Former government ministry of Albania

The Ministry of Tourism and Environment (Ministria e Turizmit dhe Mjedisit) was a department of the Albanian Government in charge of regulation concerning the environment, the sustainable use of natural resources, promotion of renewable resources, protection of nature and biodiversity, sustainable development and management of forestry and pastures, and the quality monitoring of water resources. The ministry was dissolved in September 2025 and its functions were transferred to the Ministry of Tourism, Culture and Sport and the Ministry of Environment.

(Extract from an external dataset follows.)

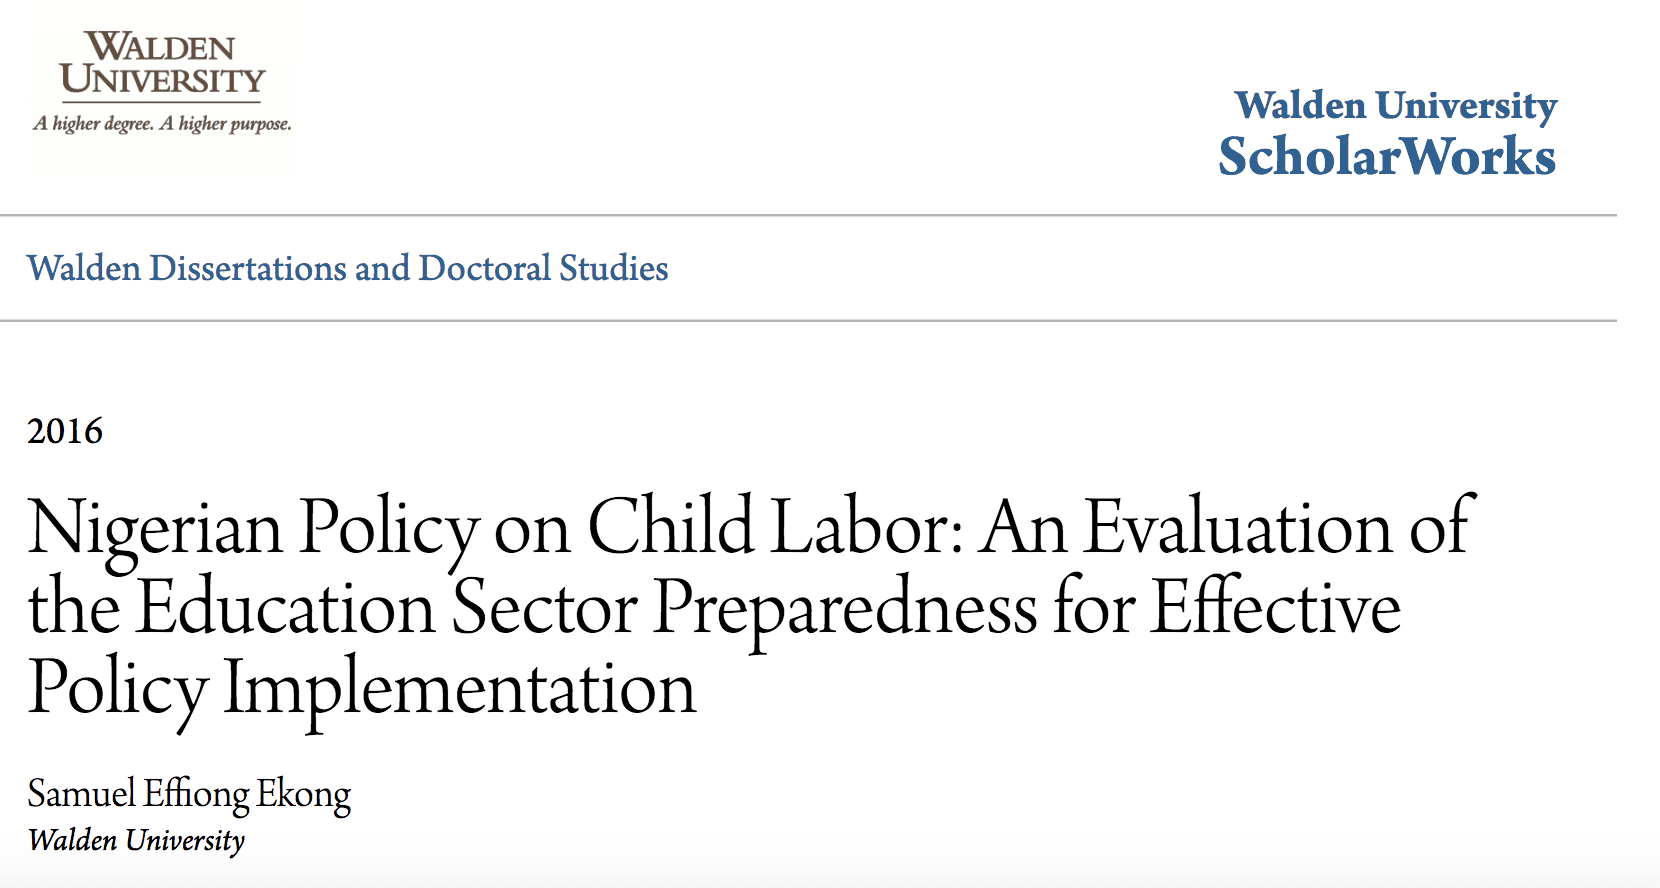 Nigerian Policy on Child Labor: An Evaluation of the Education Sector Preparedness for Effective Policy Implementation
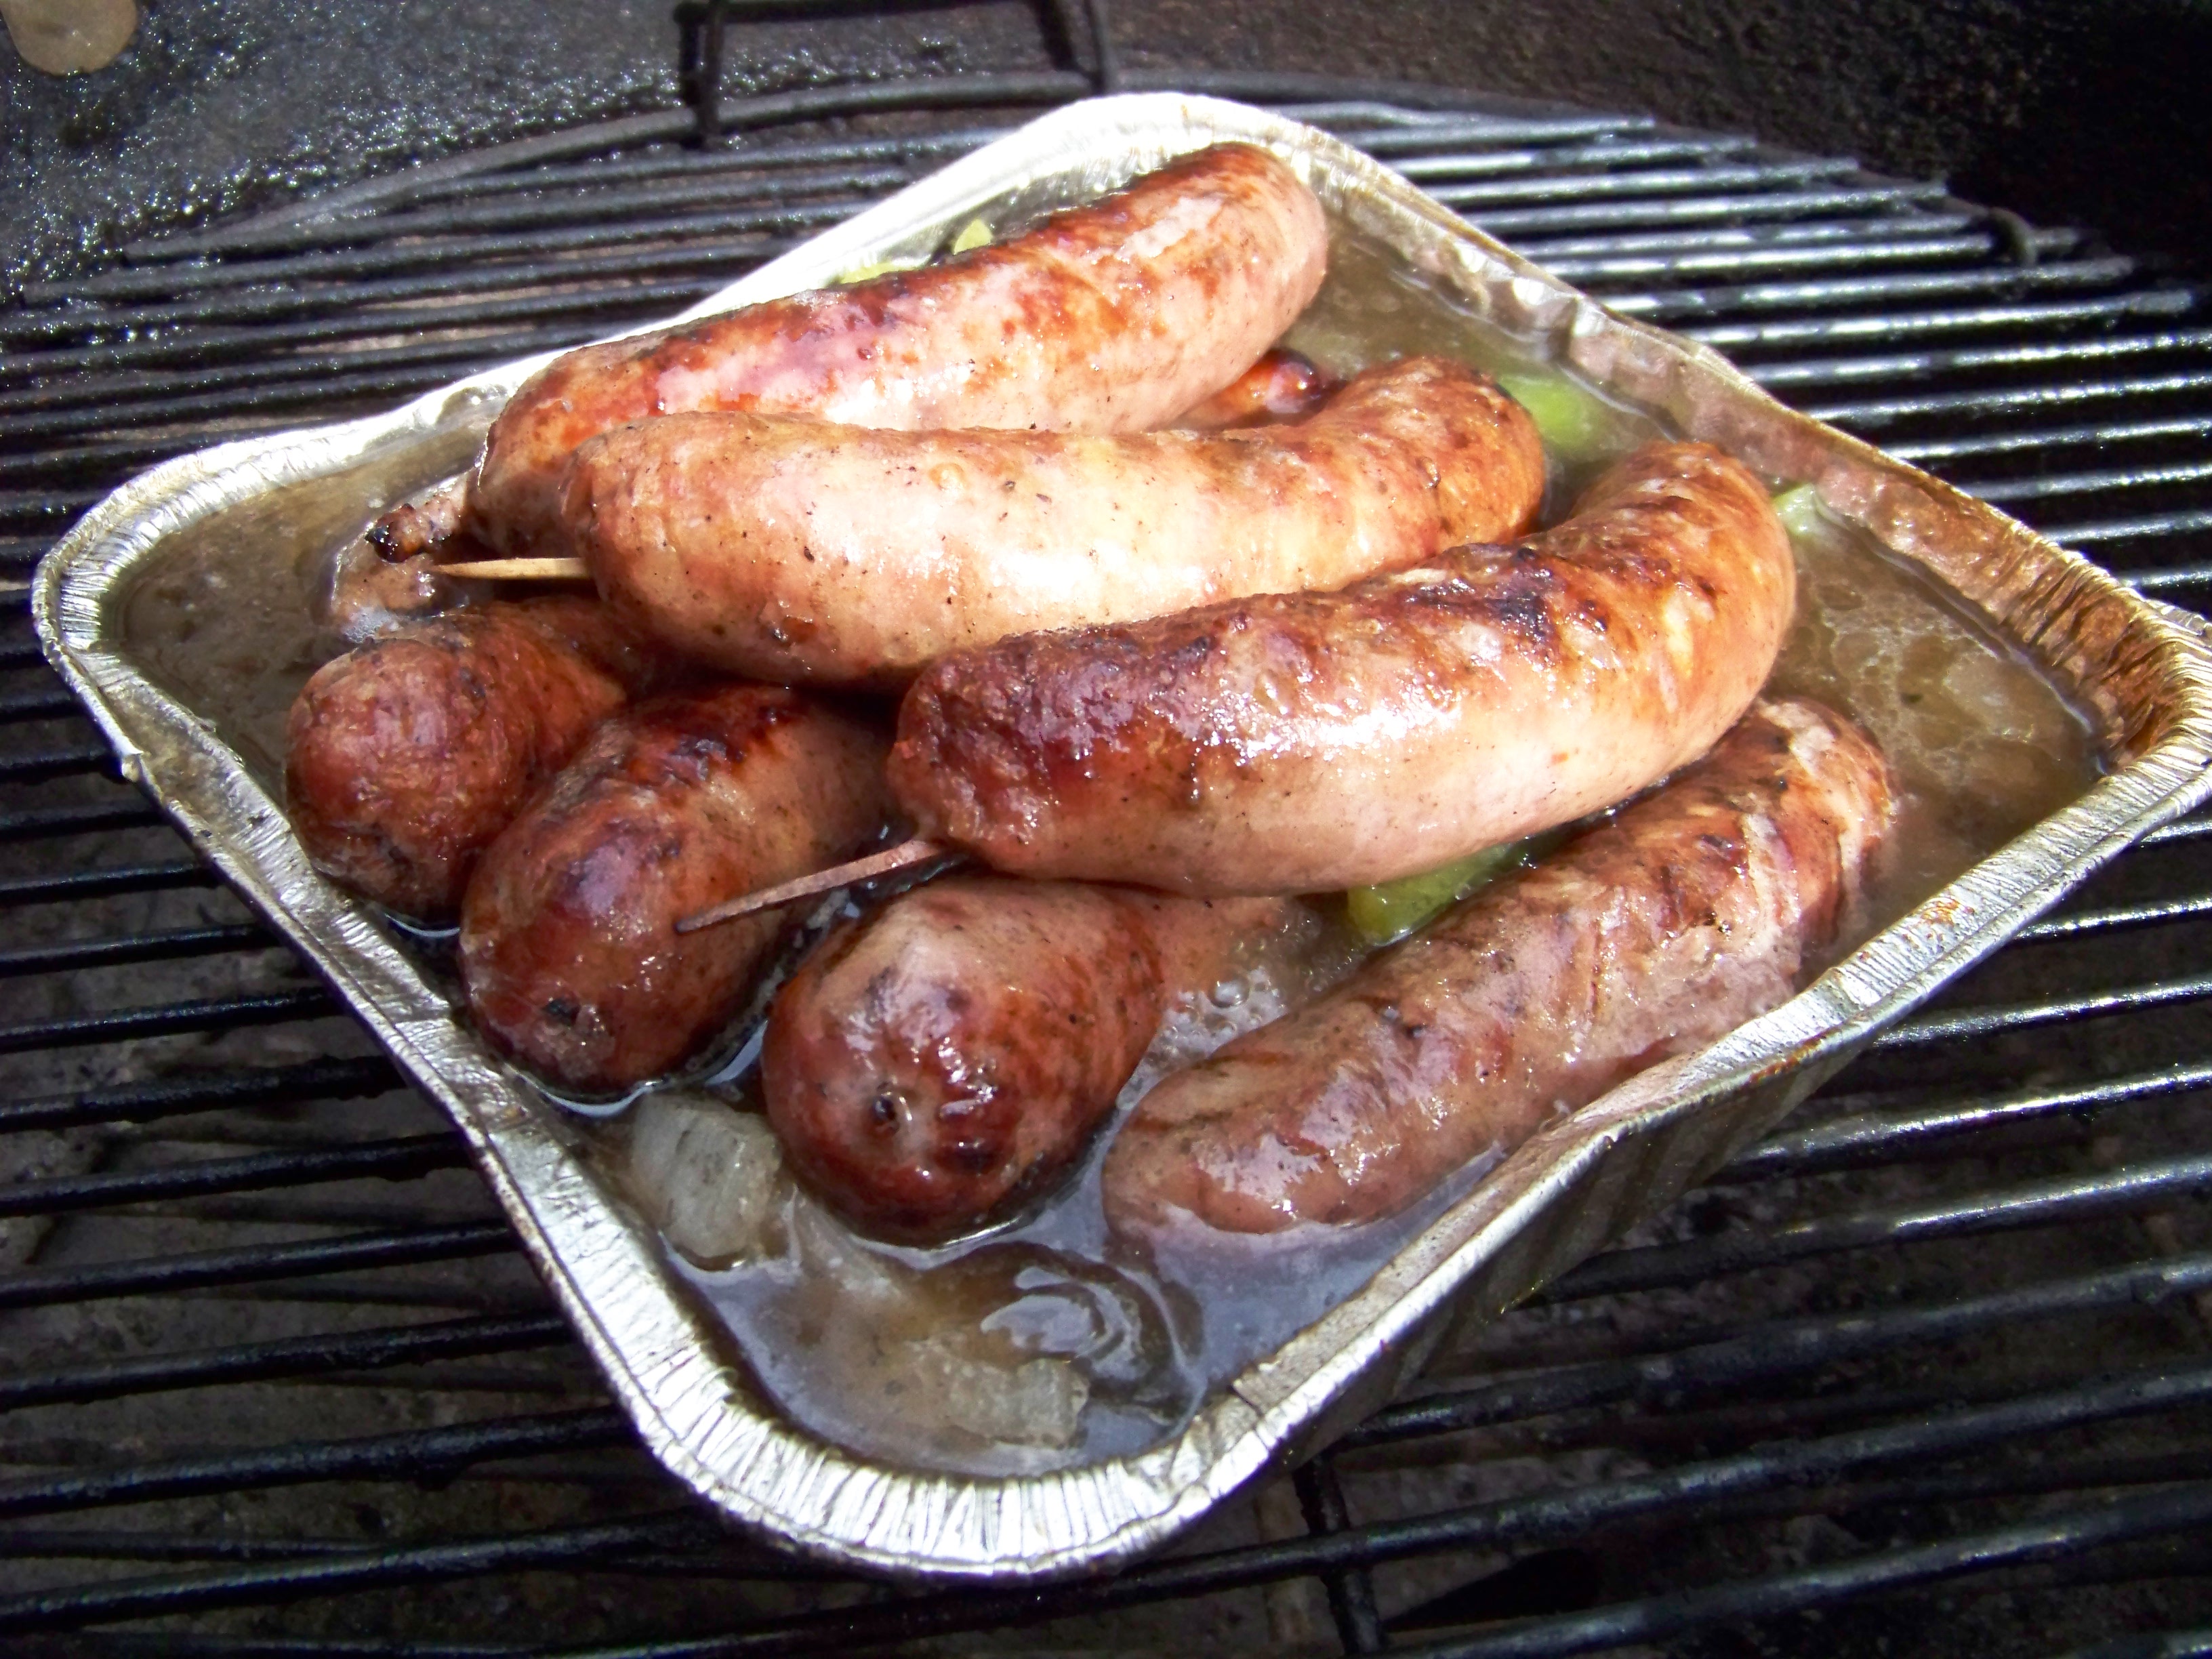 Grilled Bratwurst and Beer

==Subordinate institutions==
- National Environment Agency (AKM)
- National Agency of Protected Areas (AKZM)
- National Tourism Agency (AKT)
- National Coastline Agency (AKB)
- National Forestry Agency (AKP)

==Reorganization==
- Ministry of Domestic Trade and Tourism (1991–1992)
- Ministry of Tourism (1992–1994)
- Ministry of Construction and Tourism (1994–1996)
- Ministry of Public Works, Territorial Regulation and Tourism (1996–1997)
- Ministry of Trade and Tourism (1997–1998)
- Ministry of Public Works and Tourism (2001–2002)
- Ministry of Territorial Regulation and Tourism (2002–2005)
- Ministry of Tourism, Culture, Youth and Sports (2005–2013)
- Ministry of Economic Development, Tourism, Trade and Enterprise (2013–2017)
- Ministry of Tourism and Environment (2017–present)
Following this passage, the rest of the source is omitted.